In the event that Iran chooses not to uphold its end of the bargain, control over such service contracts could serve as an important "kill switch" for American-made weapons systems. Similarly, without U.S.-supplied bombs, missiles and munitions, Iran's American-made weapons platforms would amount to nothing more than expensive paperweights.
A purely conventional Iranian military would also lead to more stability in the Middle East. Many of the armed groups that Iran currently supports are not directly controlled by Tehran, making them inherently destabilizing. A complete and verifiable end to Iranian support for such groups - as the Trump administration has demanded - in exchange for U.S. weapons could eventually make Iran-backed organizations like Hezbollah fade into irrelevance. Moreover, while Iran does not present an "existential threat" to Israel (as confirmed by a former Israeli defense minister and prime minister) Tehran will be even less of a threat to Israel without a latent nuclear weapons capability under such a deal.
Iran has also long objected to massive U.S. arms sales to Saudi Arabia, a country which, arguably, has exerted far more "malign" influence in the Middle East (and around the world) than Iran. Supplying Iran with U.S.-made arms would reduce Iran's need to rely on armed militant groups to counter deep-seated, Saudi-led ideological hostility toward Iran's Shi'a Muslims, as well as Saudi attempts to topple Iran's only true ally in the Middle East.
With an ailing Iranian supreme leader, the single greatest obstacle to the kind of sweeping, Trumpian deal outlined here is the conservative, hardline political faction in Iran. Fiercely anti-American due to a range of complex historical factors, Iran's conservatives must be sidelined in order for any overarching deal to have even a remote chance of success. In the current environment of heightened tensions, which has greatly benefitted Iranian hardliners, the most practical first step to undermining their pervasive anti-American message is to rejoin the landmark 2015 nuclear deal.

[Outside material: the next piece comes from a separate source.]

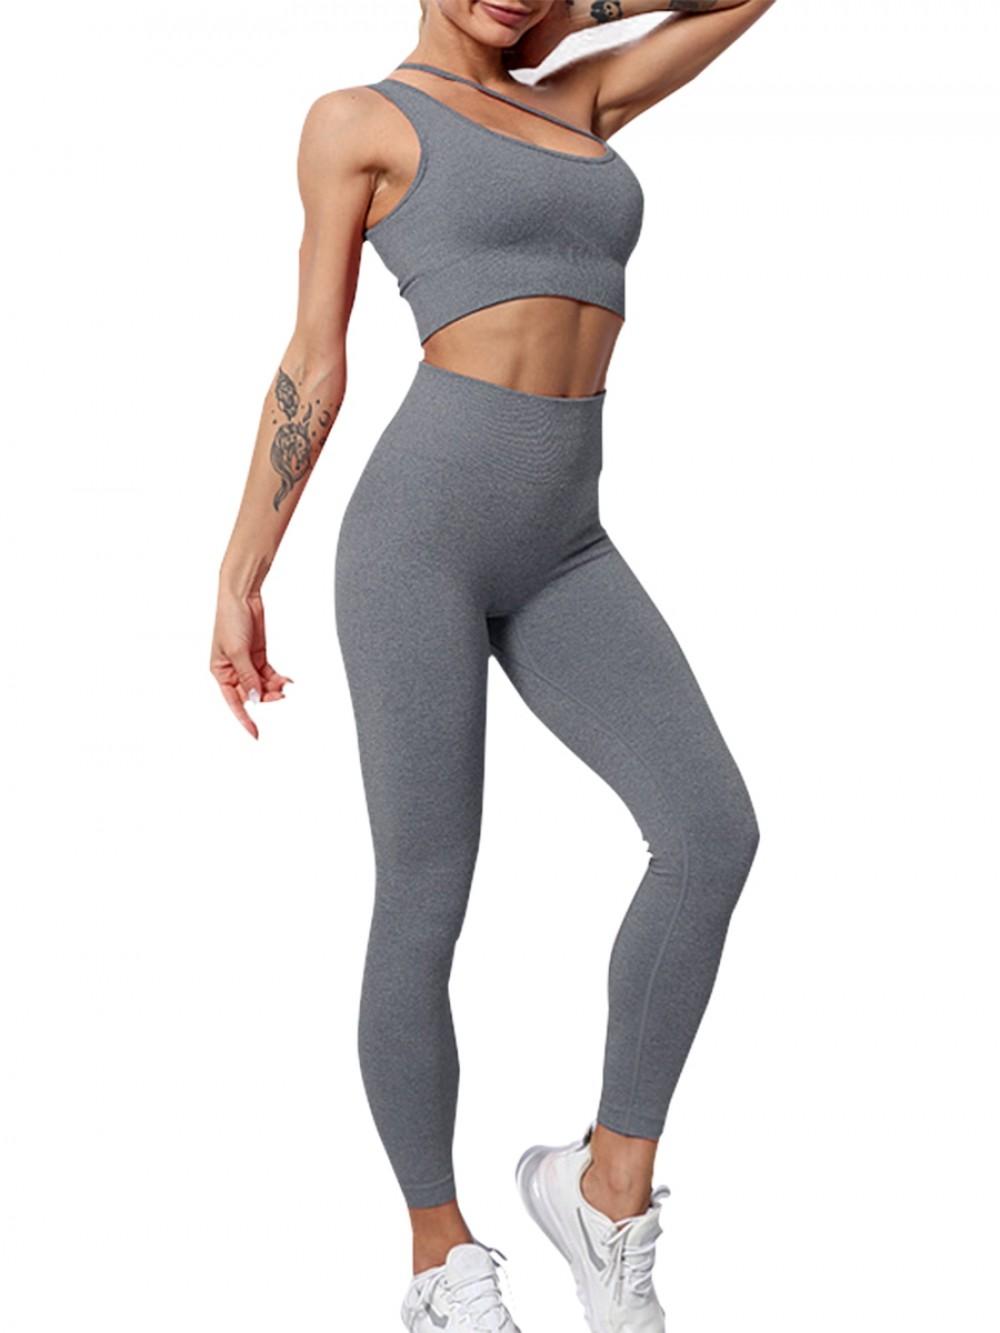 Gray Slanting Straps Yoga Bra Seamless Leggings Absorbs Moisture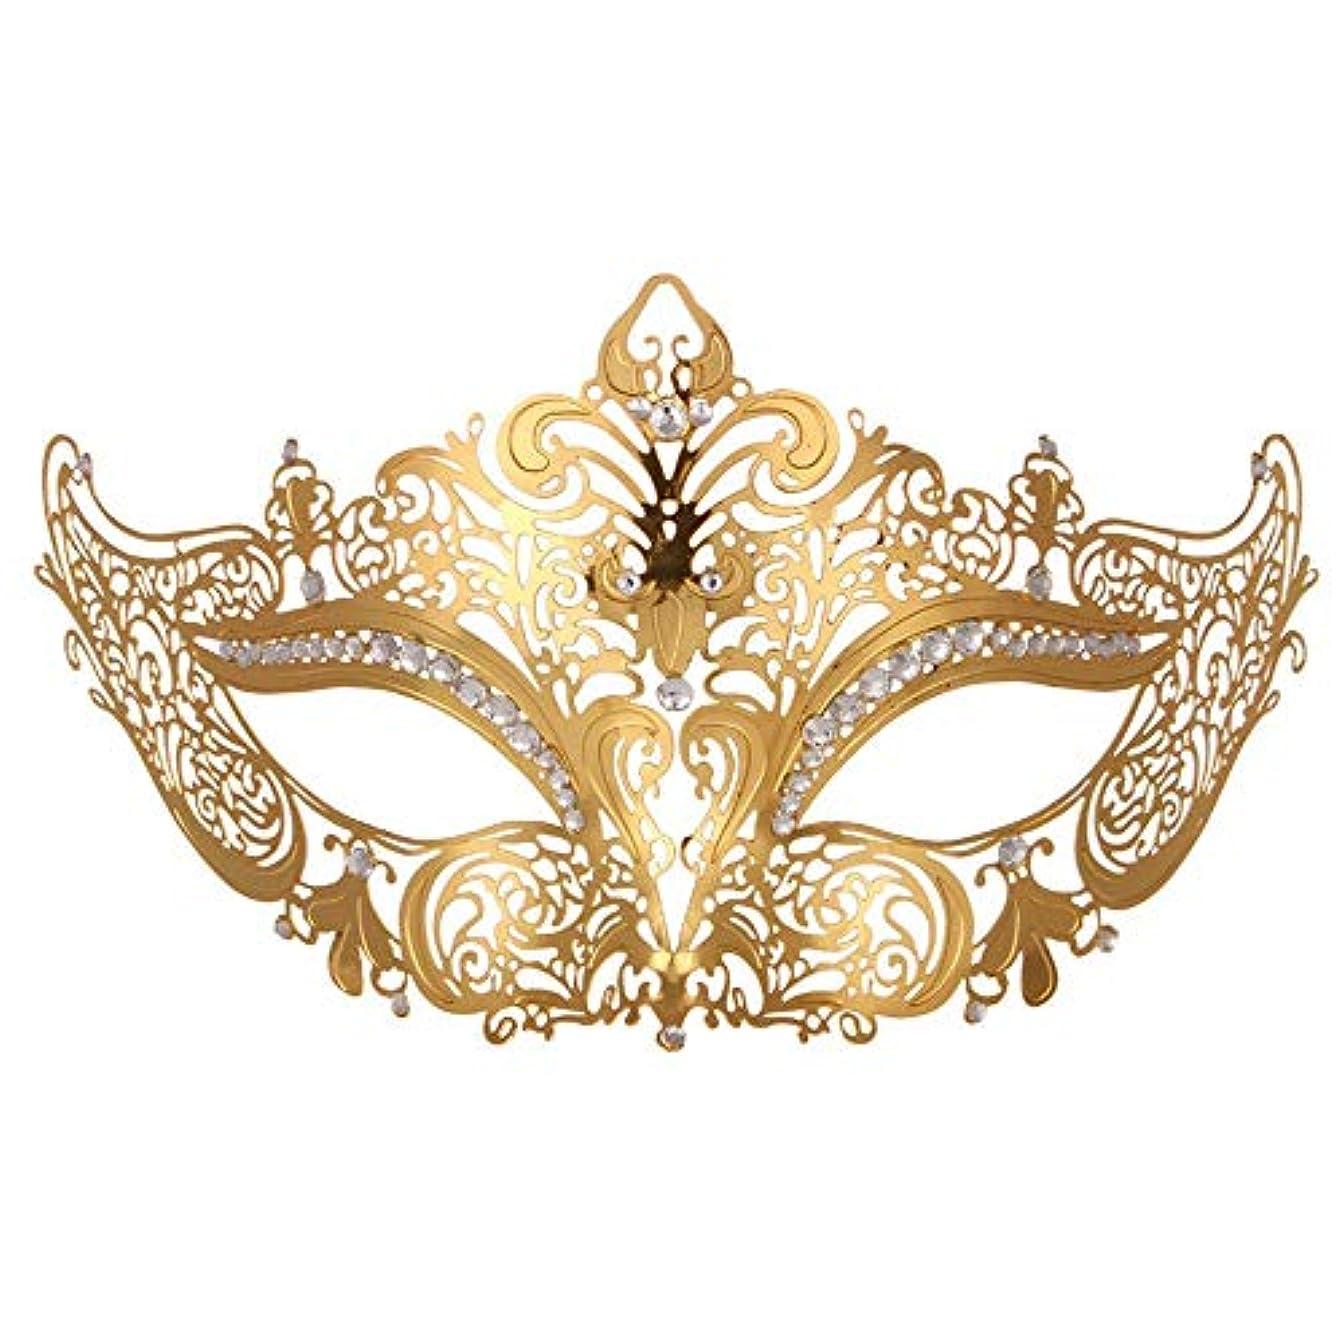 リングバック周囲ドローダンスマスク 高級金メッキ銀マスク仮装小道具ロールプレイングナイトクラブパーティーマスク ホリデーパーティー用品 (色 : ゴールド, サイズ : Universal)

Returning to the nuclear agreement - which is strongly supported by the United States' closest allies, hundreds of experts and key players in the U.S. and Israeli security establishments - will demonstrate to the (largely pro-American) Iranian people that the United States can be trusted to live up to its word.
And trust, built up over time, serves as the foundation for far more ambitious (and lucrative) deals.
Marik von Rennenkampff served as an analyst with the Department of State's Bureau of International Security and Nonproliferation as well as an Obama administration appointee at the Department of Defense.